You and I both spent years of our lives seeking to understand the
will of God. But sometimes even when people are working very hard
to keep the edifice of belief in place, it crumbles. That is
because it doesn’t correspond very well to what we know about
ourselves and the world around us.
At the time Christian doctrines were emerging, they were
basically consistent with the prevailing world view – one that
included hereditary dynasties, animal and human sacrifices, magic, and
supernatural beings like winged messengers and desert djinns (demons)
who meddled in human affairs. They
were also consistent with humanity’s level of moral development. But now we know better, and that
makes faith more fragile. Once
little cracks allow light to fall on the contradictions, we see that
they are legion. So the
whole thing depends on not letting those first little cracks start. The structure
of Christianity has evolved to protect itself against these threats. For one thing, it makes exclusive truth claims. It
doesn’t take the risk of assuming that other spiritual traditions
offer complementary insights.

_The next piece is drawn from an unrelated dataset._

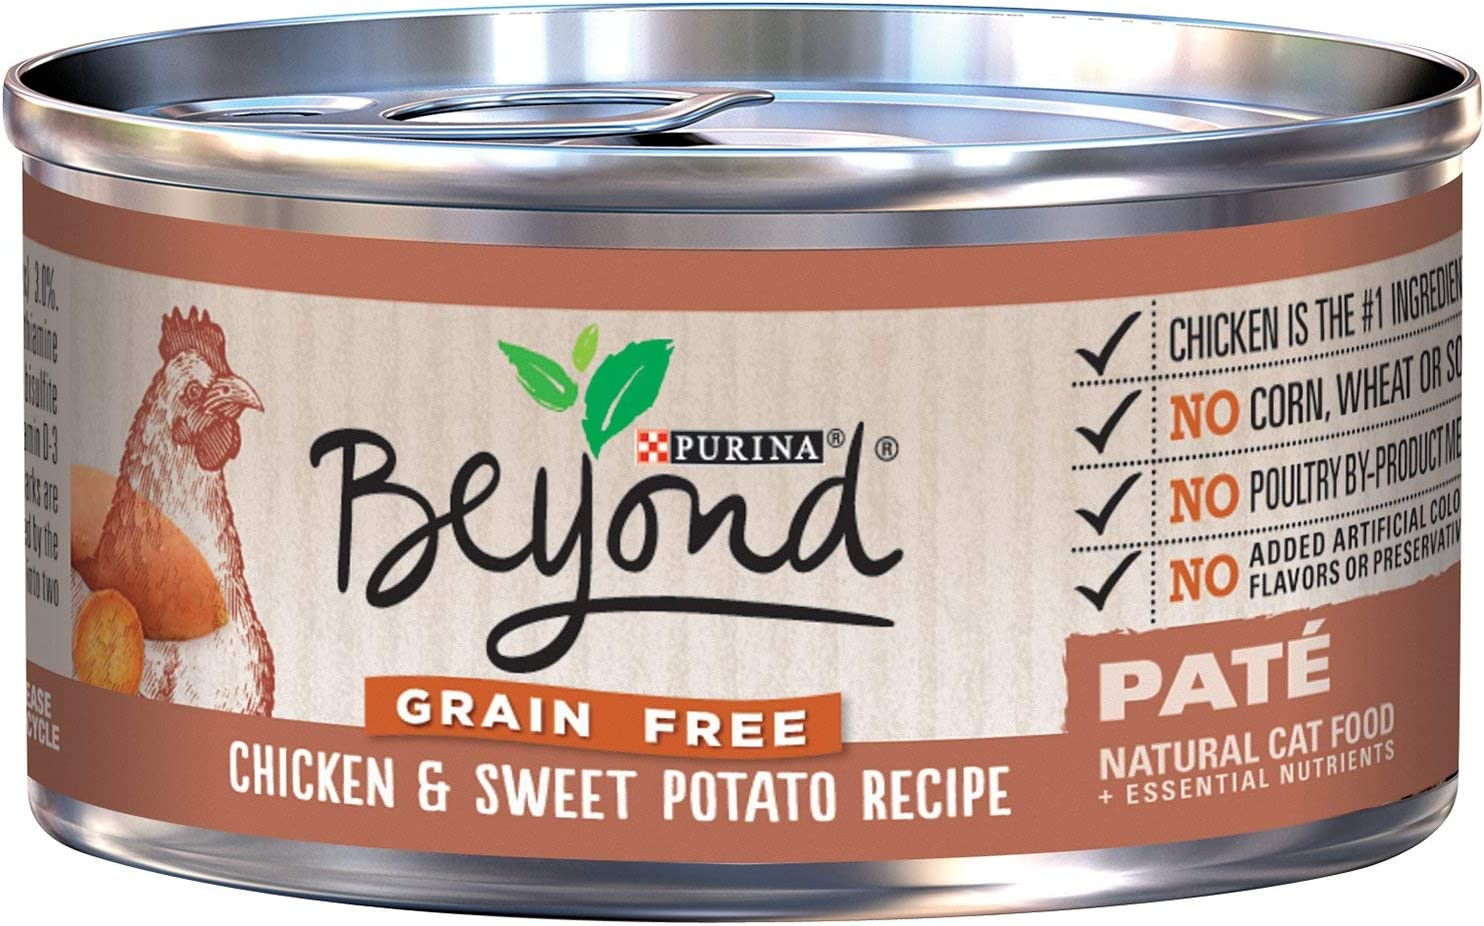 Purina Beyond Best Natural Wet Cat Food Grain Free (12 Pack) 3 oz,Can Treats Favorites Wellness Feast Nutrition Gourmet

Fundamentalists
teach that “tolerance” is a code word for being indifferent to right
and wrong. It is a slippery
slope, a tool of Satan. Another
protective strategy is that Christianity seeks to isolate believers from nonbelievers. “be not unequally yoked.” Even settings like public
schools are described as havens of secular indoctrination. Another
protective mechanism is that it sneers
at the accumulation of knowledge and wisdom. “Thinking themselves
wise they become fools.” Christians are taught to mistrust and ignore
their own rational capacity when it leads them into disagreement with
Christian dogmas. Fundamentalist
Christianity is based on belief
in belief, which means that doubt, our best guardian of truth
seeking, must be relabeled as a sin or vice. In addition, because of how our
brains are wired, Christianity taps some of our deepest most yearned-for emotions:
love, peace, forgiveness, absolution, spiritual healing and
transcendent joy. Humans
can and do experience these feelings in many contexts, but Christian
practices trigger them, and then Christian beliefs offer an interpretive
framework that says “You get it here, and you won’t get it anywhere
else.” Finally, all of
this is given existential
proportions, meaning that people are taught (and then feel desperately) that this is all a matter of highest urgency—protecting
these beliefs literally feels like a matter of life and death. Your brother
is merely responding as any of us do when our very existence feels
threatened. The
fight/flight response gets triggered.
He experienced a sabre-toothed tiger outside the cave, and he
responded in the way that has helped to guarantee the survival of our
species: he bared his (verbal) fangs and used his adrenalin rush to
roll a rock across the opening. The
problem lies not in your brother. Or
rather, I might say, it is in him but not of him. He is caught by a belief system
that activates his healthy defensive structure for its own preservation. Having left the faith, you and I
both know that we lost neither our joy nor our moral core. We are as capable of love and
generosity as before. He
would be fine on the outside – still himself with many of the very
same strengths and weakness that bless and curse him now. But your brother, in the throes of faith cannot know this. Valerie Want to review another letter in this series? Just click the link below.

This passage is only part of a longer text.